> _Your objective_
Take from the entries below the stretch from the line with "ROSER DATA-TILTAK: Svein" through the line with "Women's SKPR Shorts", and return it exactly, leaving the pictures out.

> _Records provided_

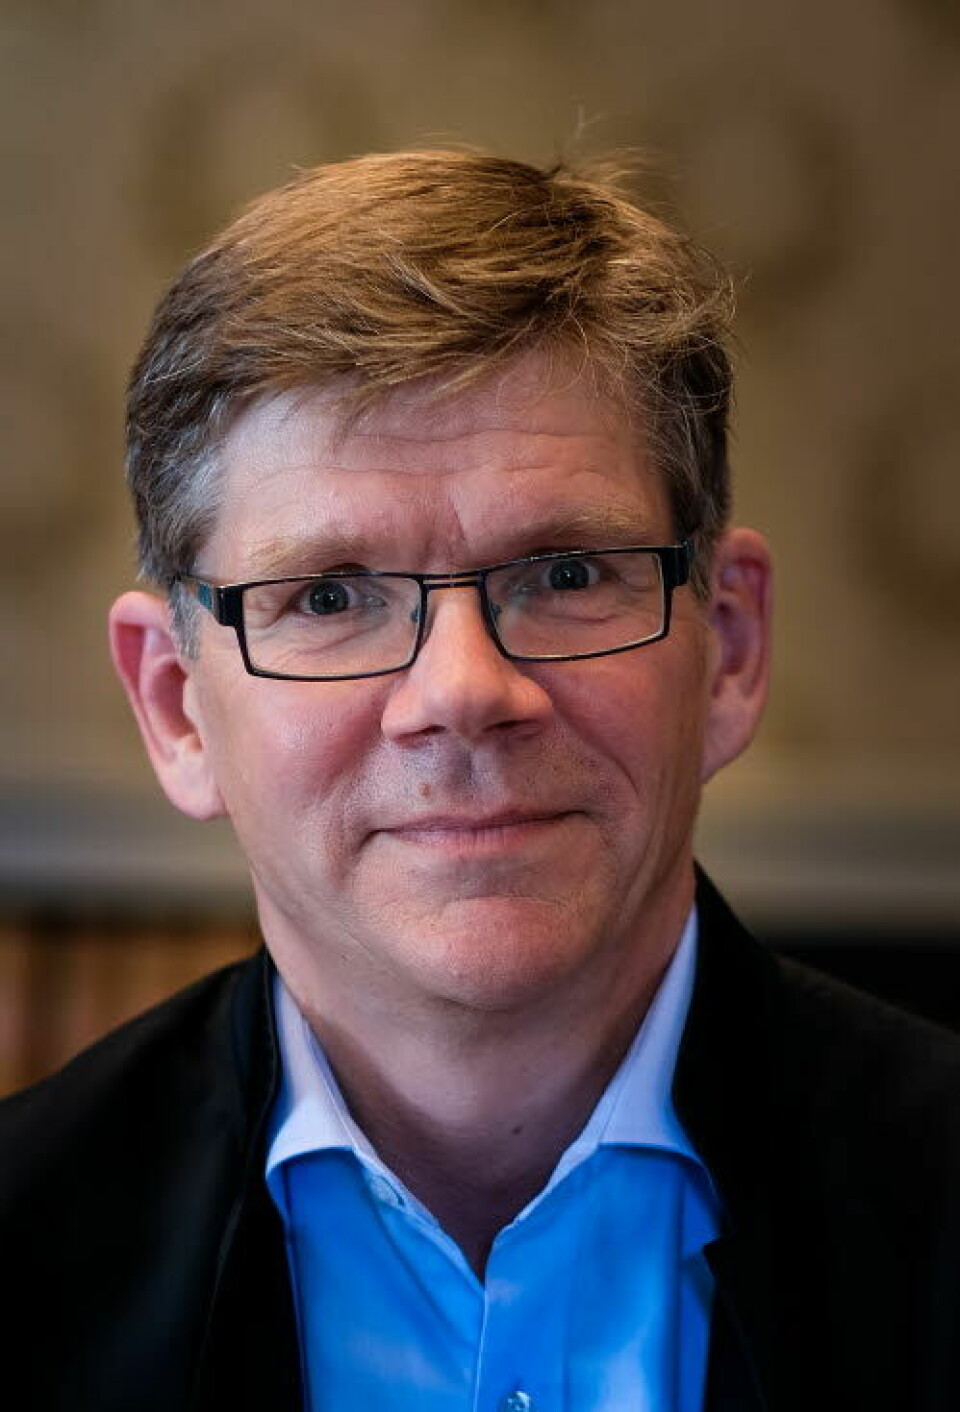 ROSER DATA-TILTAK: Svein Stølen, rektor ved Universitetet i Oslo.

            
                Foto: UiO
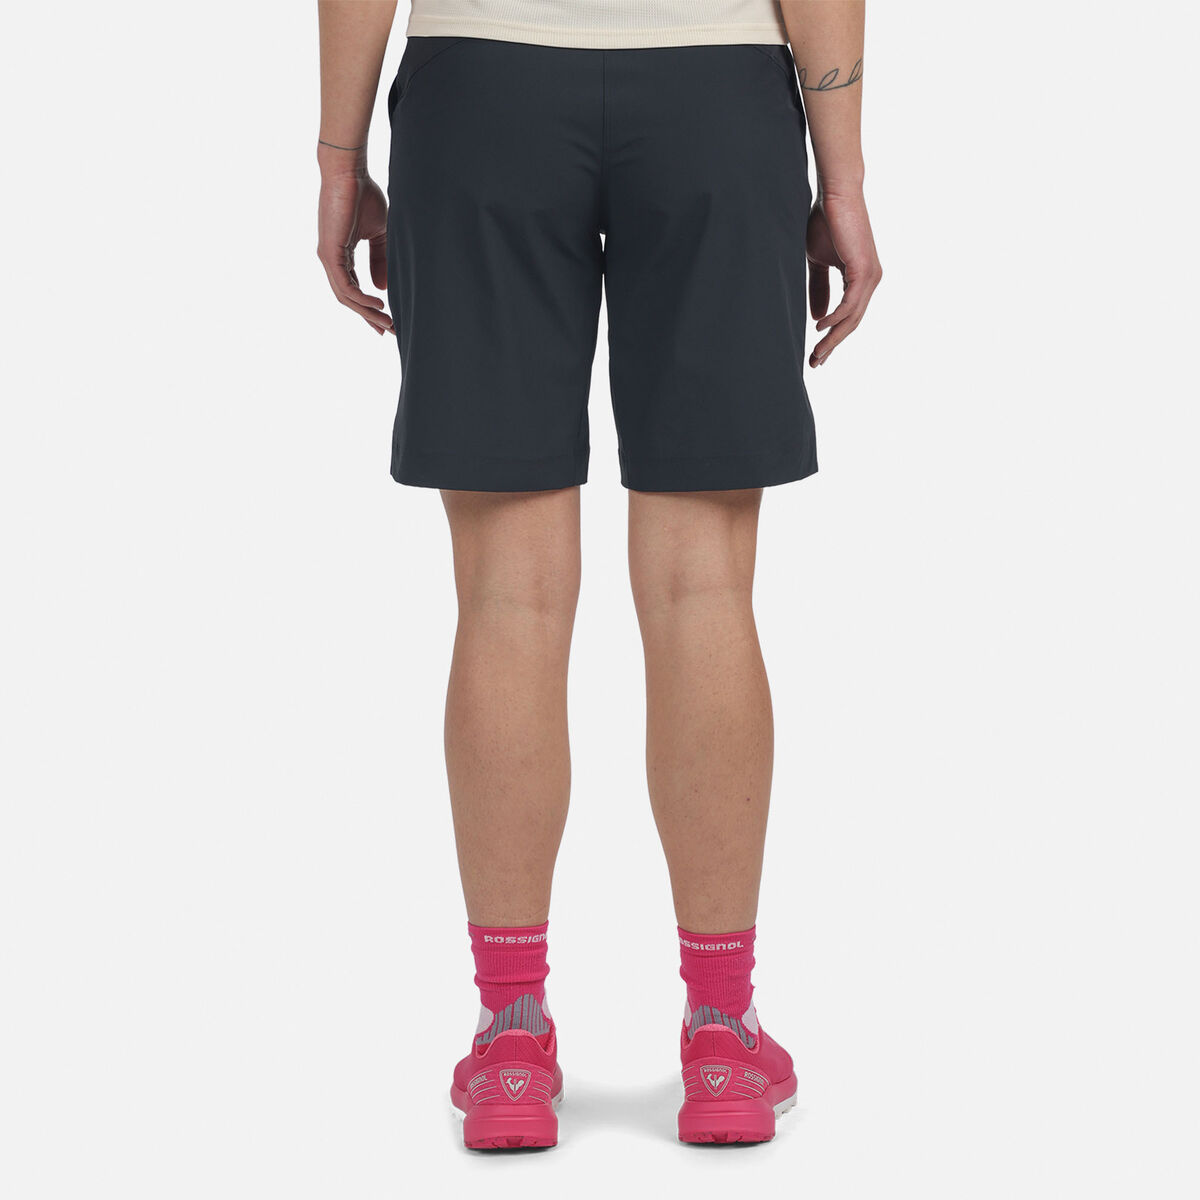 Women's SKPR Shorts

...

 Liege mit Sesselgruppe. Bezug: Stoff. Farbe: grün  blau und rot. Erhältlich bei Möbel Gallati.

> _Result of the exercise_
 ROSER DATA-TILTAK: Svein Stølen, rektor ved Universitetet i Oslo.

            
                Foto: UiO
 Women's SKPR Shorts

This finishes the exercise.